User:The Anomebot2

From Wikipedia, the free encyclopedia


Note: Blocking will stop further edits: the bot will intermittently retry errors for several minutes, but should then automatically shut itself down until restarted manutally; please use a ten minute block or longer to be sure of stopping it.

This bot is designed to add standardized machine-readable geodata records to relevant articles in the English-language Wikipedia, using data from GNS, GNIS, OSGB coordinates in UK articles, plaintext geodata scraped from article text, and interwiki-linked geotag data from other-language Wikipedias. -- The Anome 12:13, 22 September 2007 (UTC)

Contents

[edit] Status

100,000+ geotags added to date. -- The Anome (talk) 23:27, 11 May 2008 (UTC)

[edit] To do

  • Standardize existing geotags.
  • Scan for unusual/broken parameters in infoboxes.
  • Start work on standardizing infoboxes.

-- The Anome 12:12, 22 September 2007 (UTC)
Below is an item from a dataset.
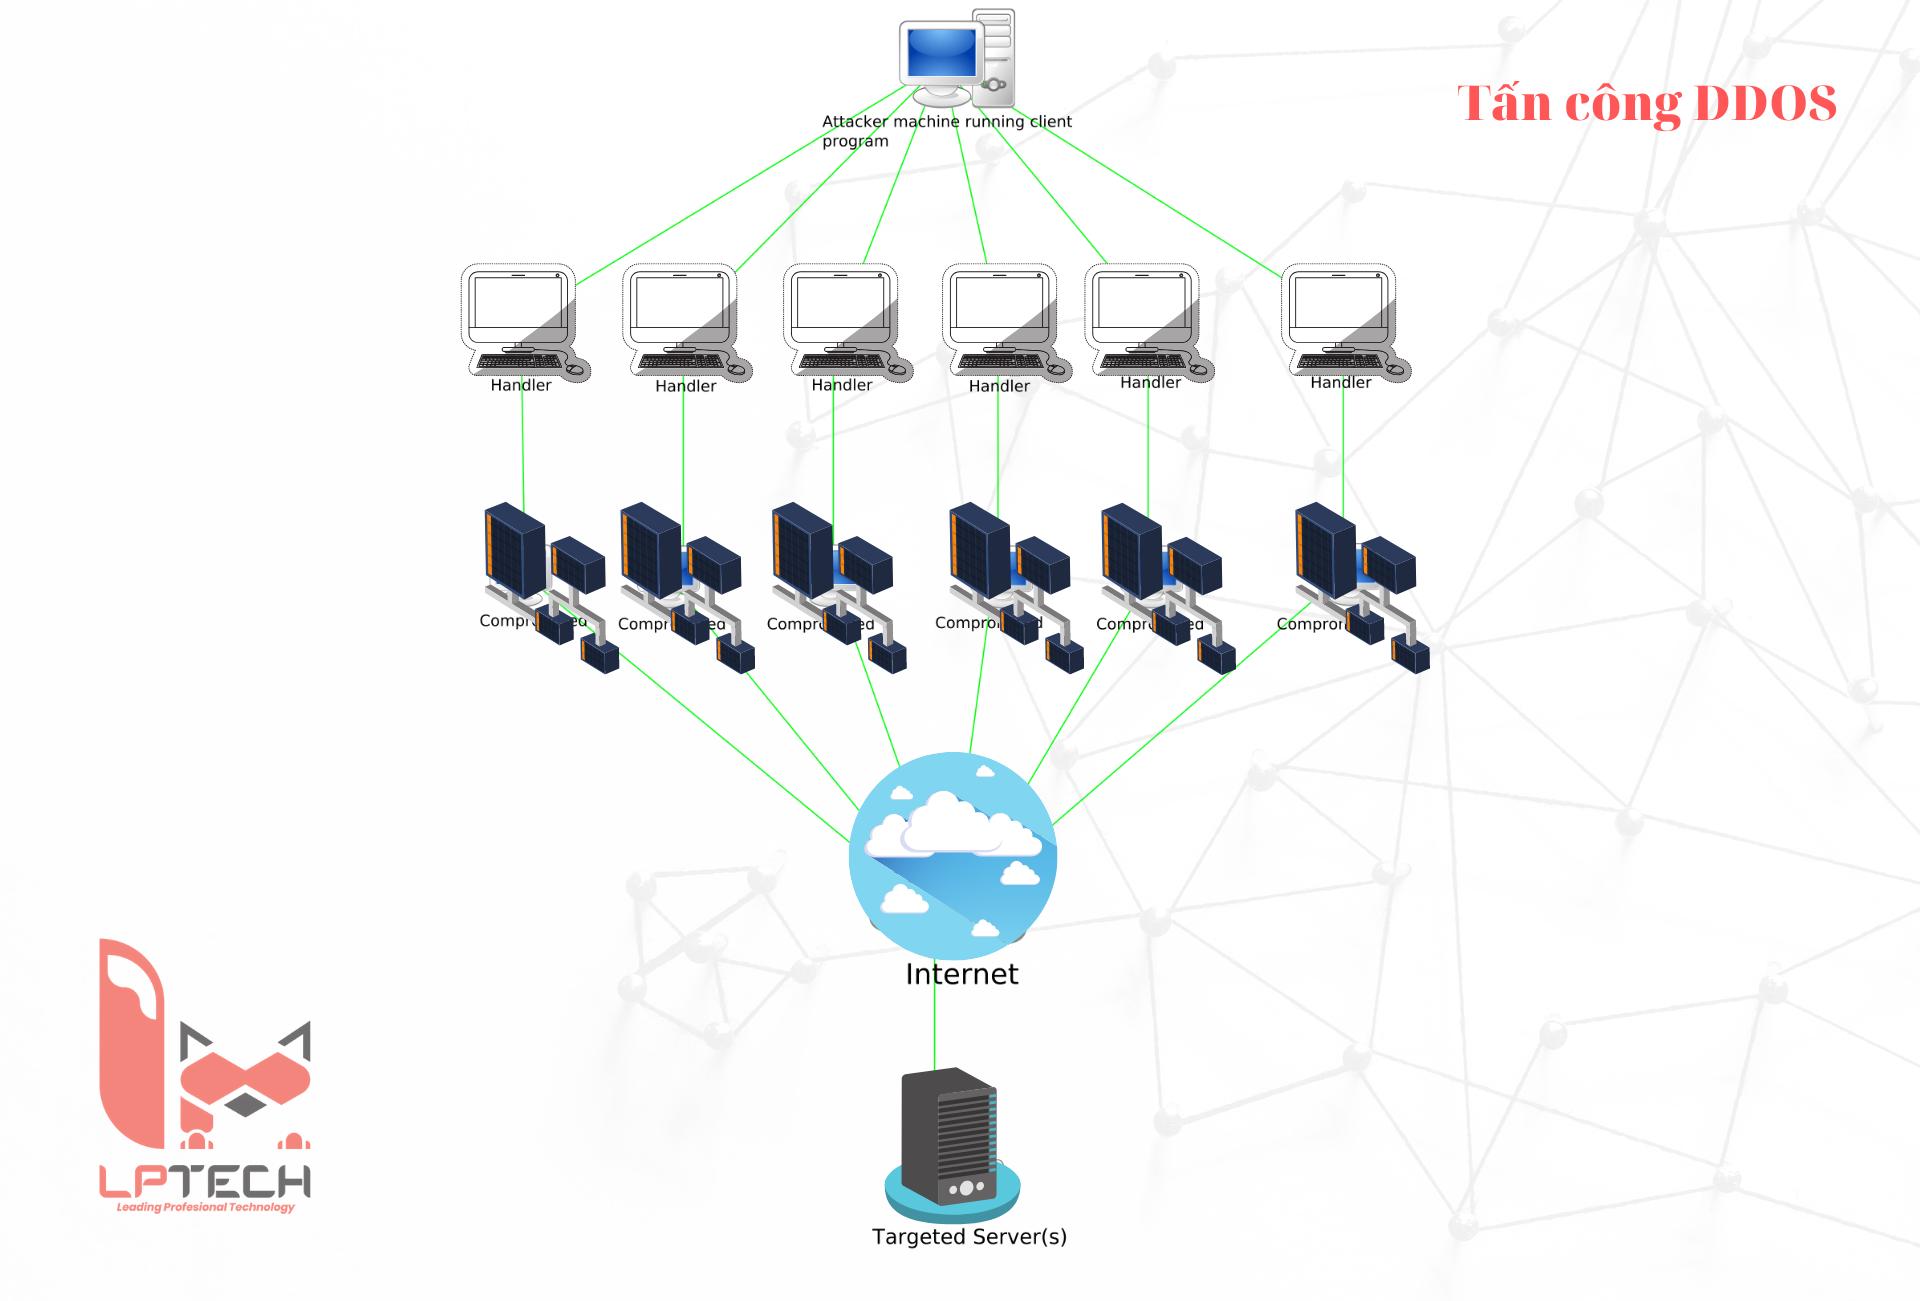 Tấn công DDOS

[edit] Forthcoming attractions

With ~70,000 data points, I now have enough data to do a spatial analysis of the category tree, and to generate lists of possibly misclassified or mislocated outliers. The cleaned up bounding data could then be used as a Bayesian classifier for future work. -- The Anome 10:14, 24 August 2007 (UTC)

[edit] Current problems

Because of severe name ambiguity problems, Japanese locations are now filtered out of most machine-matched geodata sets.

Recent Canadian data has had similar problems, and is now also filtered from the output of several matching algorithms. -- The Anome 12:17, 22 September 2007 (UTC)